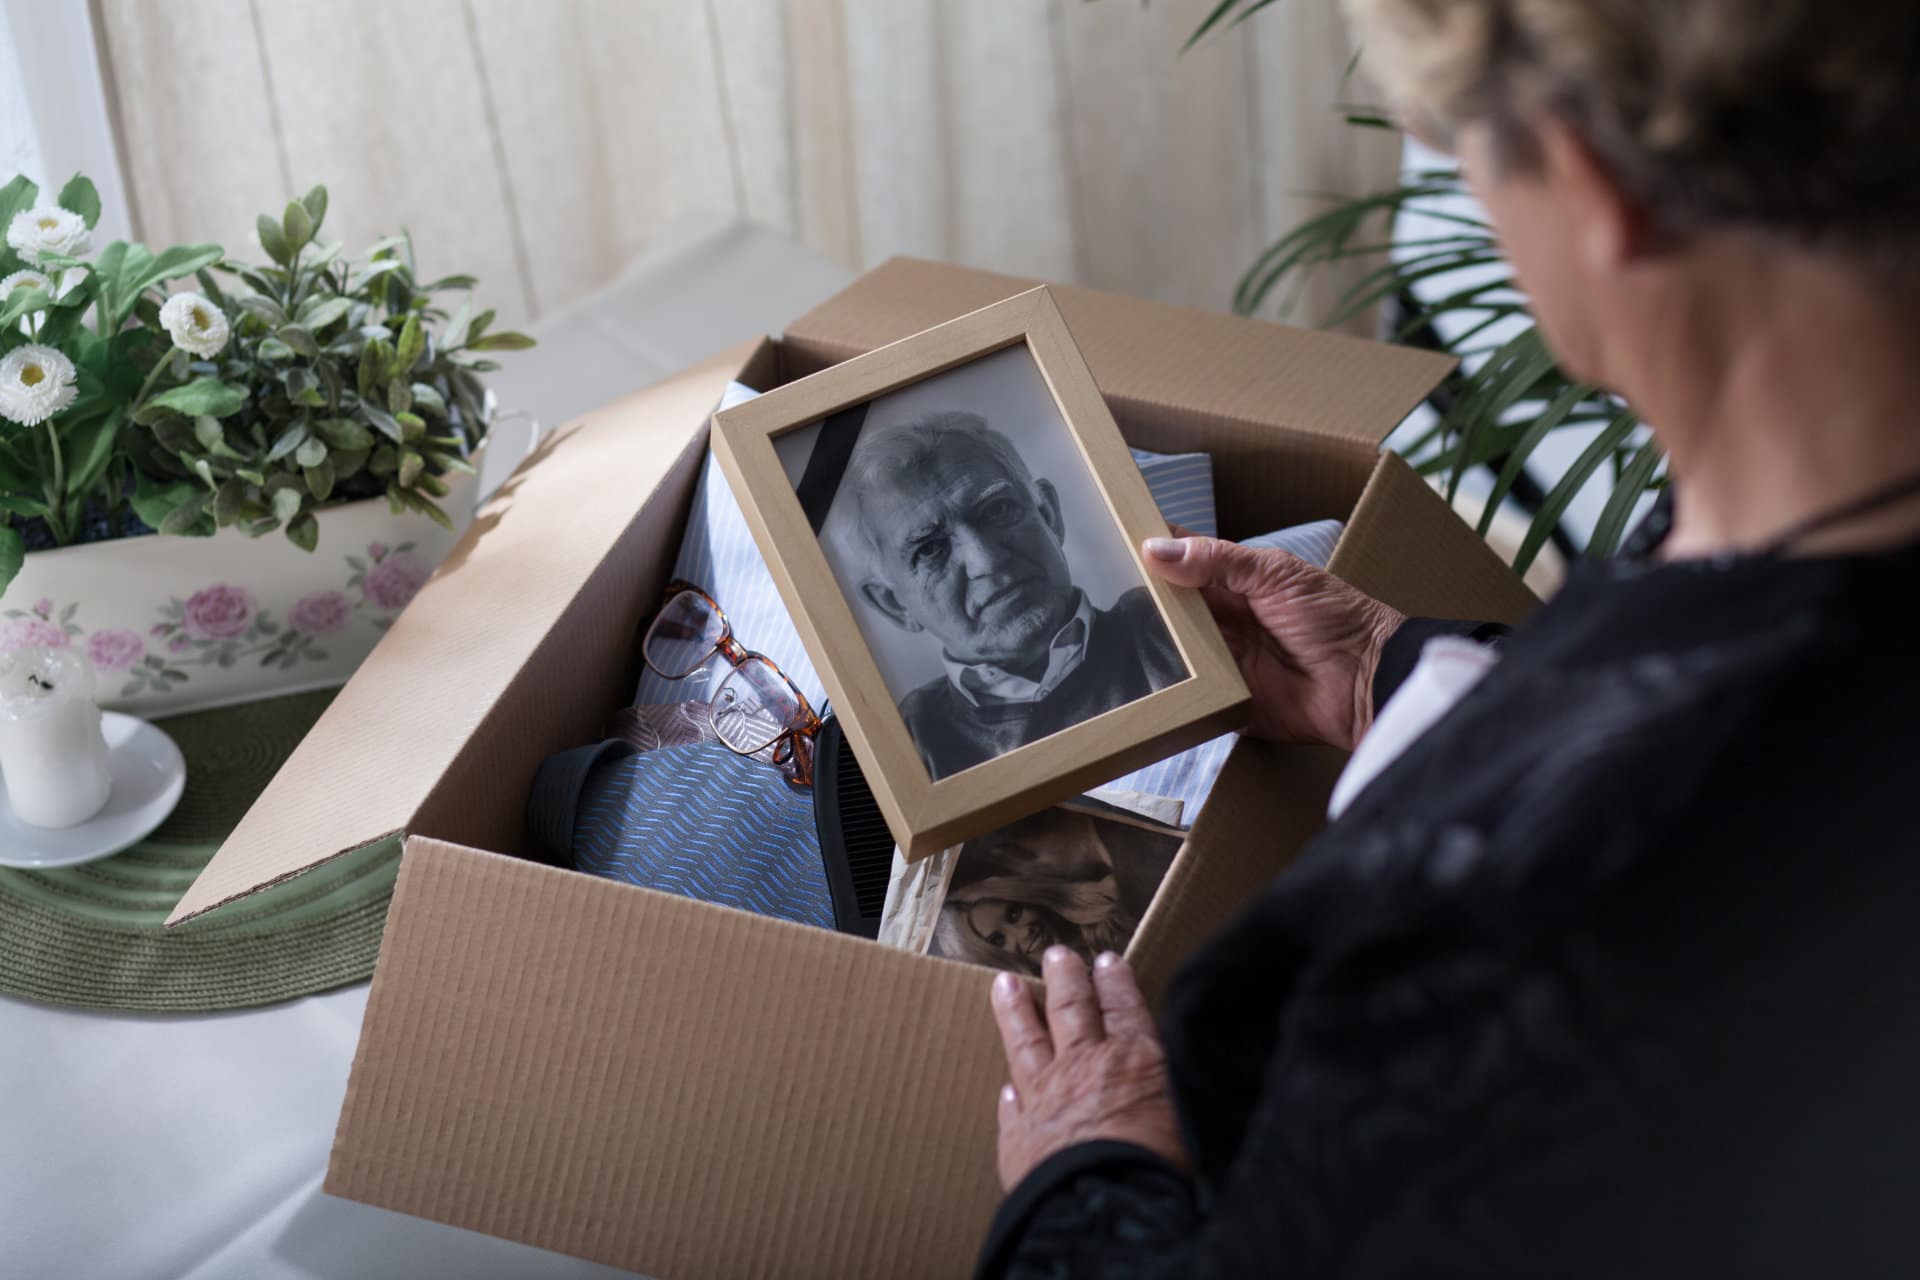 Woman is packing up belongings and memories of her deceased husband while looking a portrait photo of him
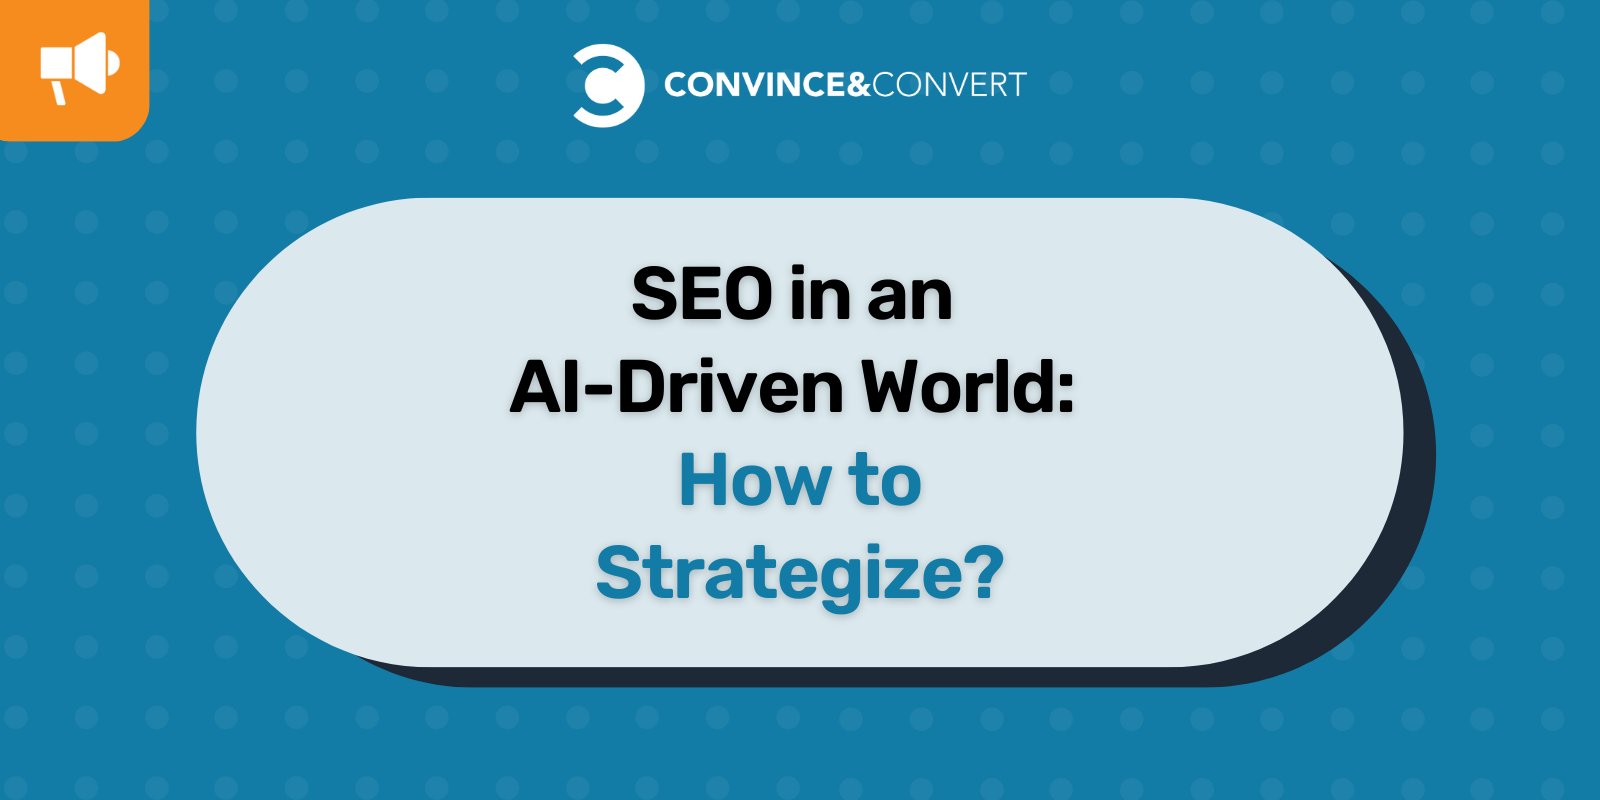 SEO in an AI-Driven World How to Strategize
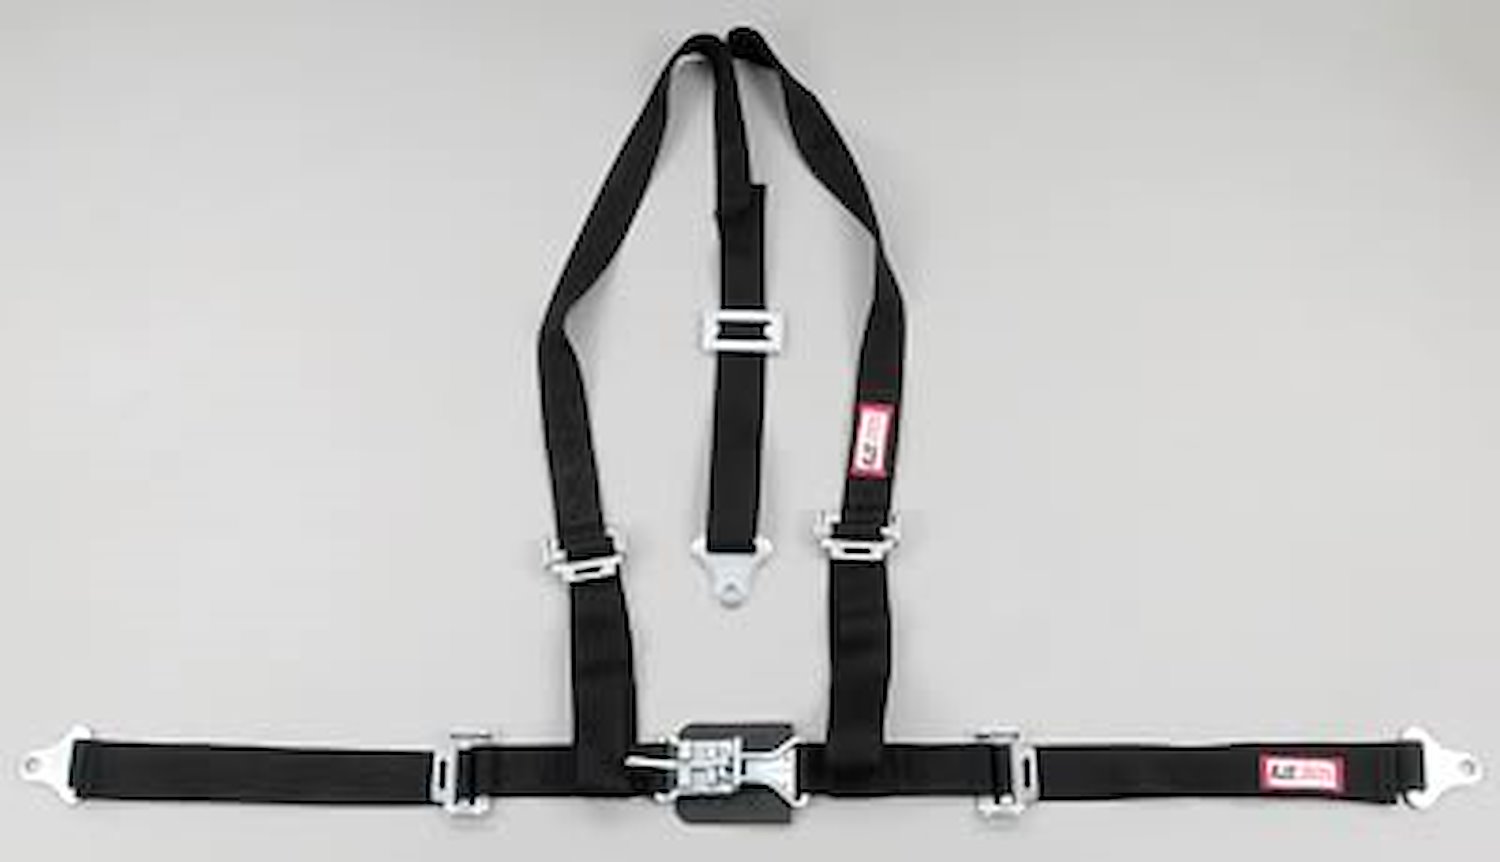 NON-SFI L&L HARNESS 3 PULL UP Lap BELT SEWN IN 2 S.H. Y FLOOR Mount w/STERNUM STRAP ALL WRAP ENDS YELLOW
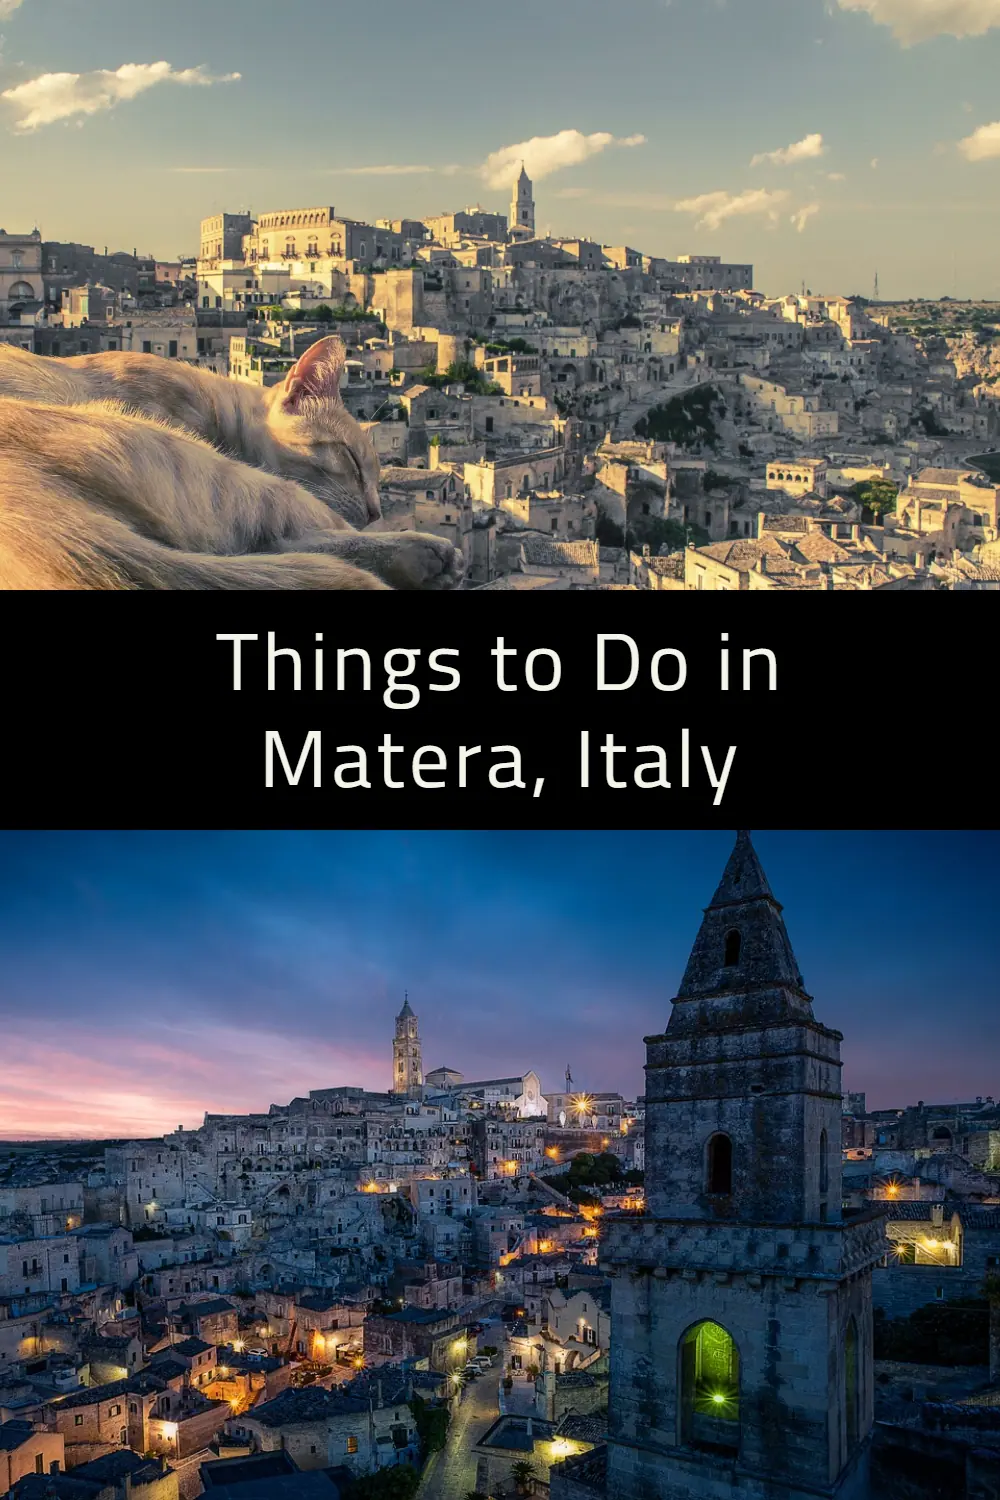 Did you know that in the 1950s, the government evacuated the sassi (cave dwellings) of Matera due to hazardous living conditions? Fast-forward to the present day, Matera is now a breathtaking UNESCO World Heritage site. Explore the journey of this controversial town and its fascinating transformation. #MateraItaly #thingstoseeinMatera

::::::

▶ [Description of the task]
Please retype the whole listing above exactly, without any of its images.

▶ [Answer space]
 Woman is packing up belongings and memories of her deceased husband while looking a portrait photo of him
 SEO in an AI-Driven World How to Strategize
 NON-SFI L&L HARNESS 3 PULL UP Lap BELT SEWN IN 2 S.H. Y FLOOR Mount w/STERNUM STRAP ALL WRAP ENDS YELLOW
 Did you know that in the 1950s, the government evacuated the sassi (cave dwellings) of Matera due to hazardous living conditions? Fast-forward to the present day, Matera is now a breathtaking UNESCO World Heritage site. Explore the journey of this controversial town and its fascinating transformation. #MateraItaly #thingstoseeinMatera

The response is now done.